Thursday, August 22, 2013

Quietly: A Conjuring of the Past

"Kids can do more damage than you think."

A confrontation driven by silence. A confession that holds few surprises yet I could barely breathe as the scene unfolded. 

The Abbey Theatre's production of Owen McCafferty's play about two men in a bar in Belfast has none of the usual trappings of Irish theatre set in a bar. There is no banter, joviality, or mucking about. Two men, with an agenda, are here to speak to each other and listen to each other.  Such a simple act is nothing of the kind when one is a Protestant and one a Catholic and this is Northern Ireland.  And that conversation/confrontation becomes the basis for the explosive drama of this play.

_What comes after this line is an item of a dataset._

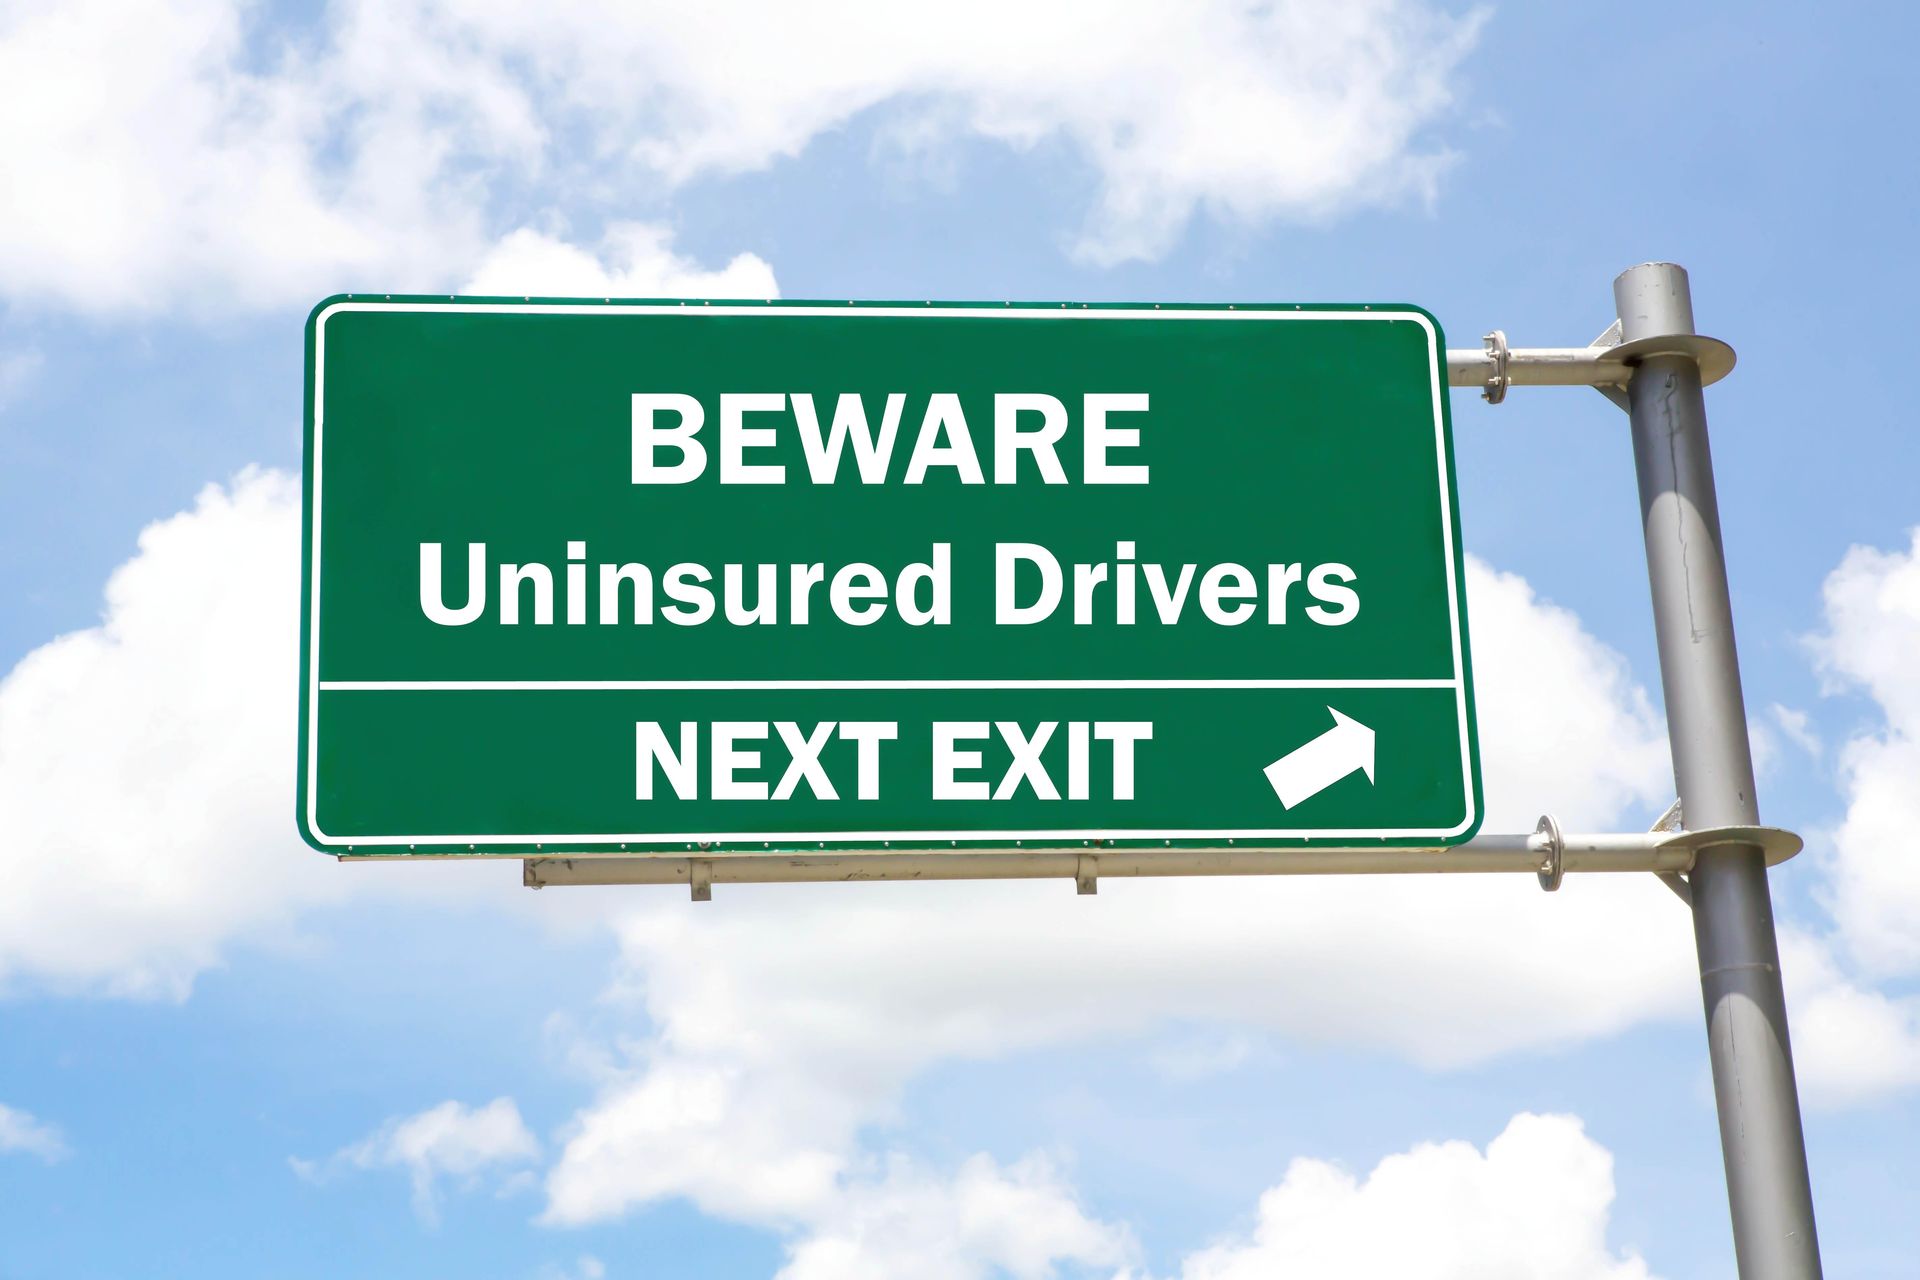 Beware Uninsured Drivers Next Exit
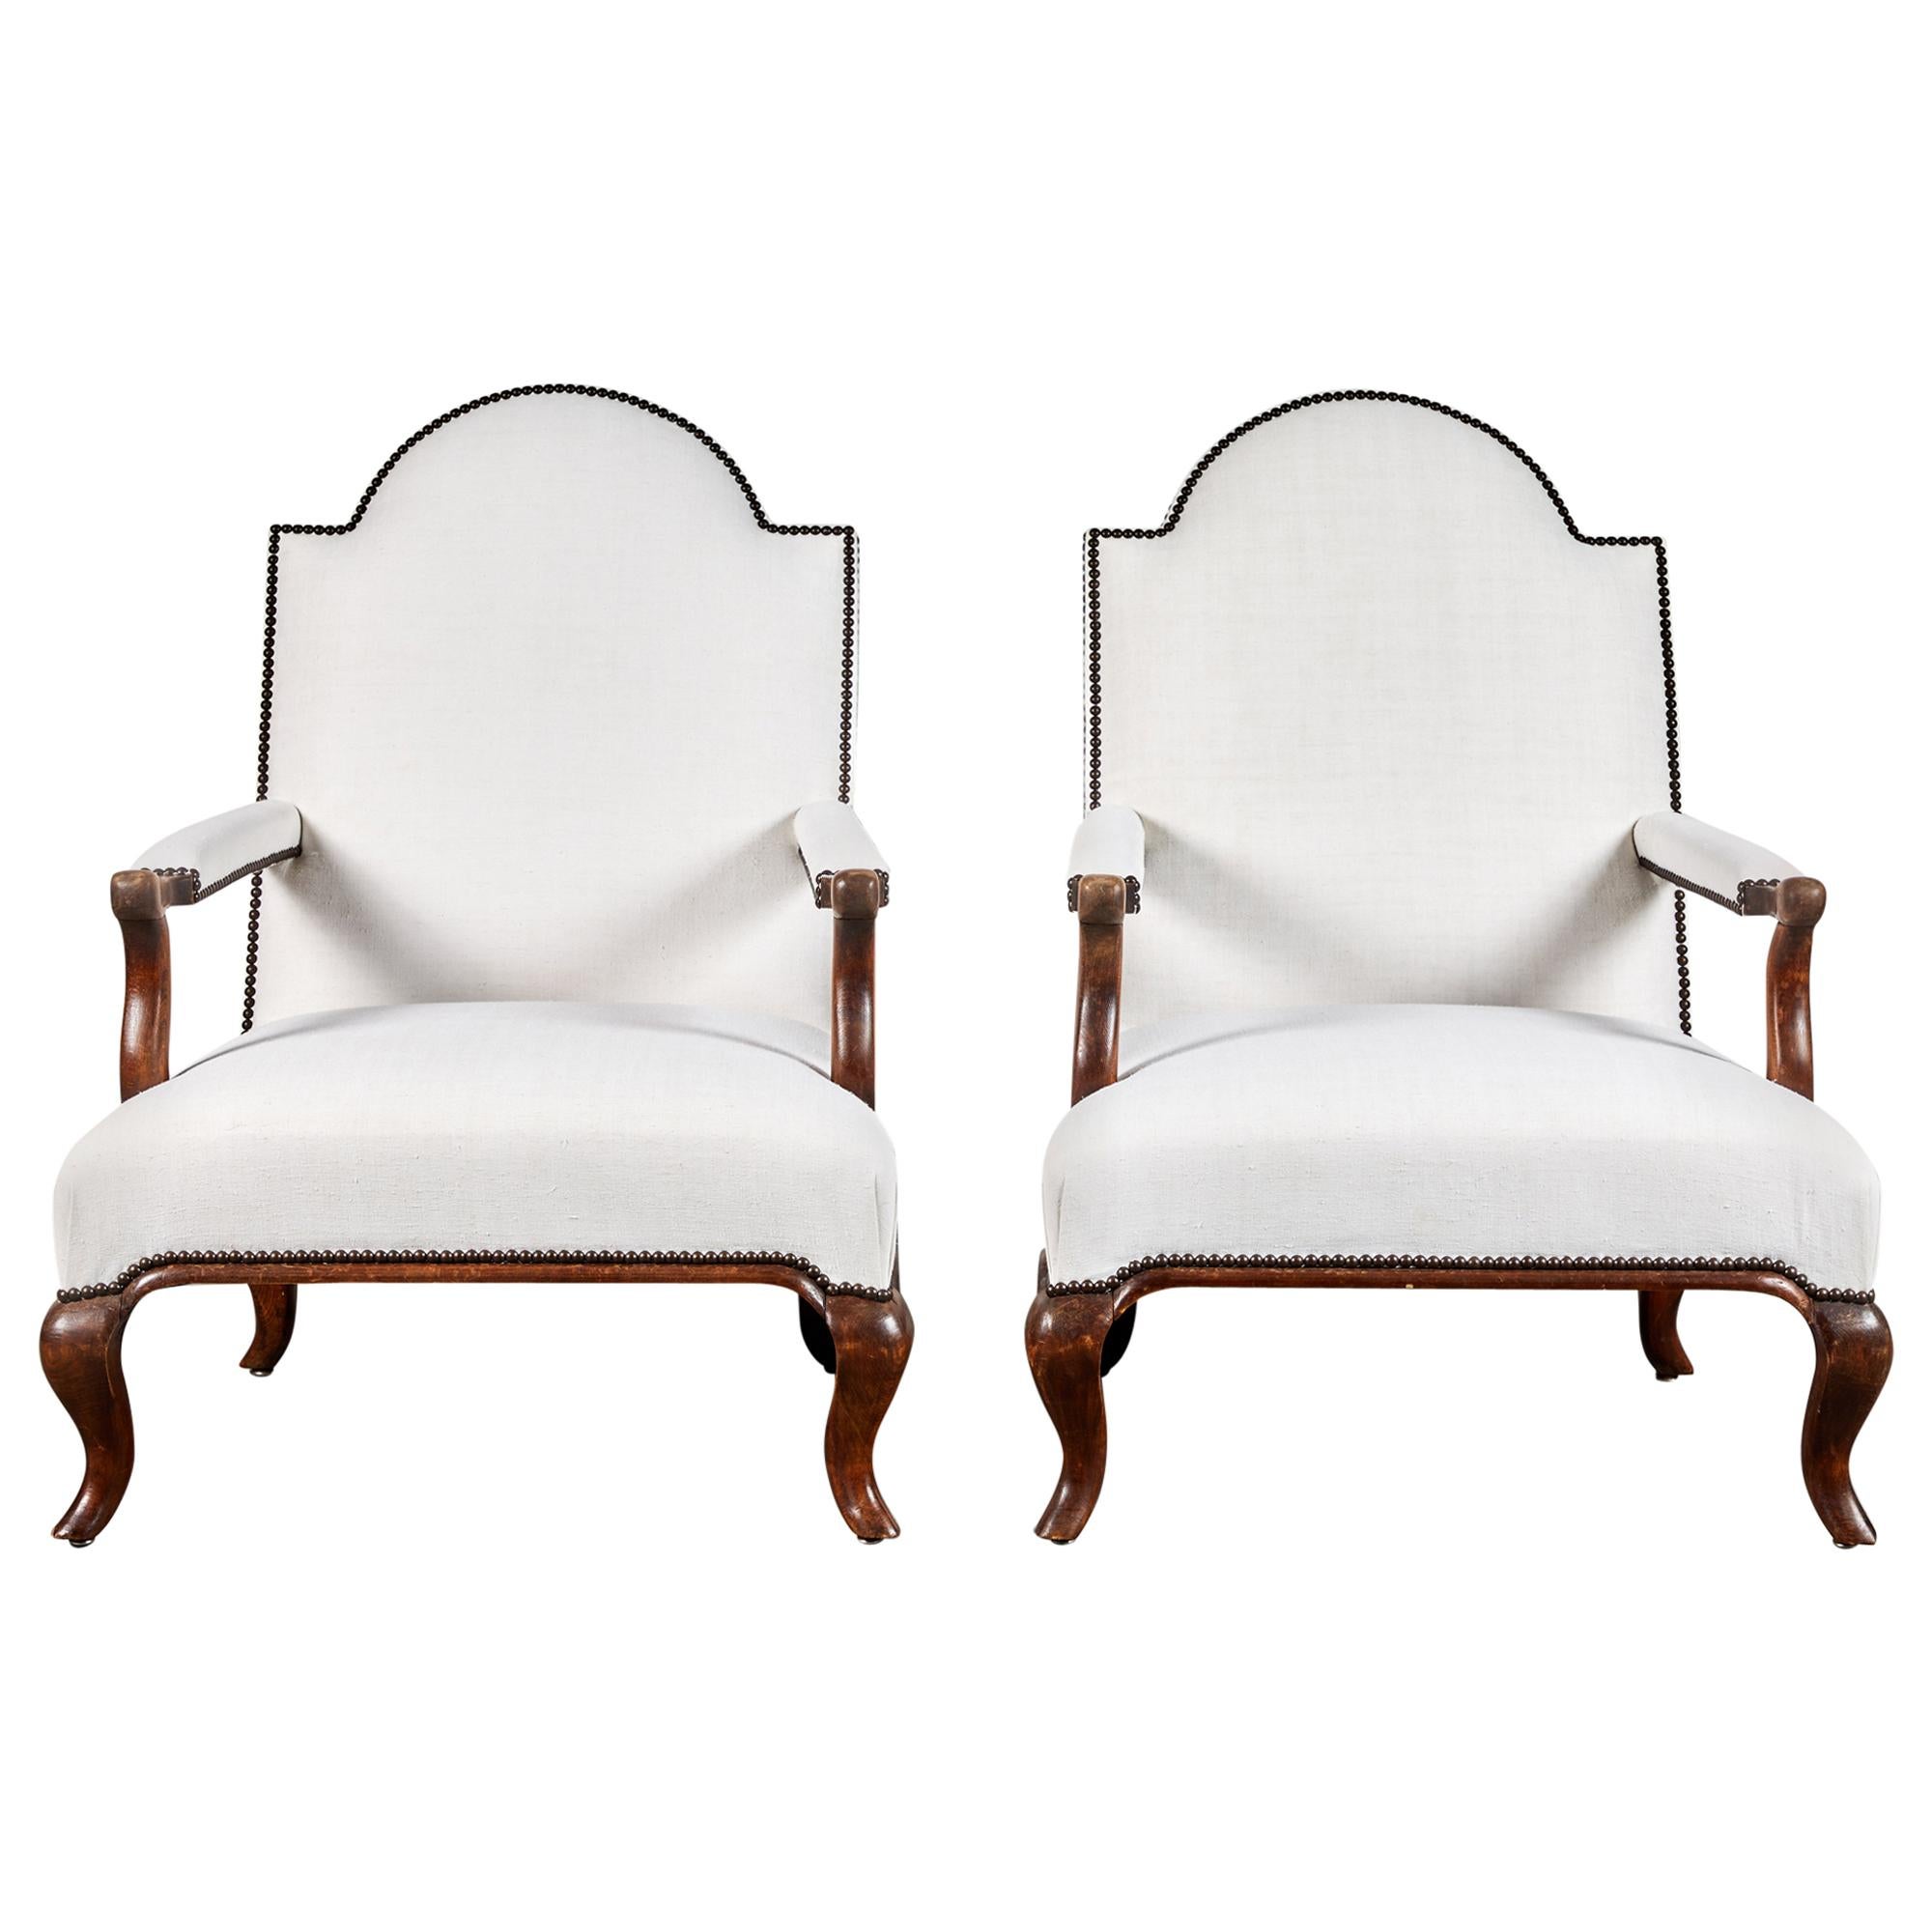 Pair of Neoclassical Italian Chairs

Recent Polish immigrant and barman Robert (Robert Zawadzki) is watching the Northern Ireland v. Poland match on TV. His one customer, Jimmy (Patrick O'Kane), comes in and warns him that a man, Ian (Declan Conlon), is coming and there will be a bit of trouble. What kind and over what we don't know. But the two men have a history and we will learn their history parallels Belfast's history. 

Jimmy sets the tone and course of action. He demands that Ian speak.  Ian tells his story.  But we already know how the story will end, even so, the intensity of the story gives a release to Jimmy and the audience to hear it spoken aloud. The anticipation and tension are palpable. I did not even want to shift in my seat for fear of setting off the tinderbox of the situation.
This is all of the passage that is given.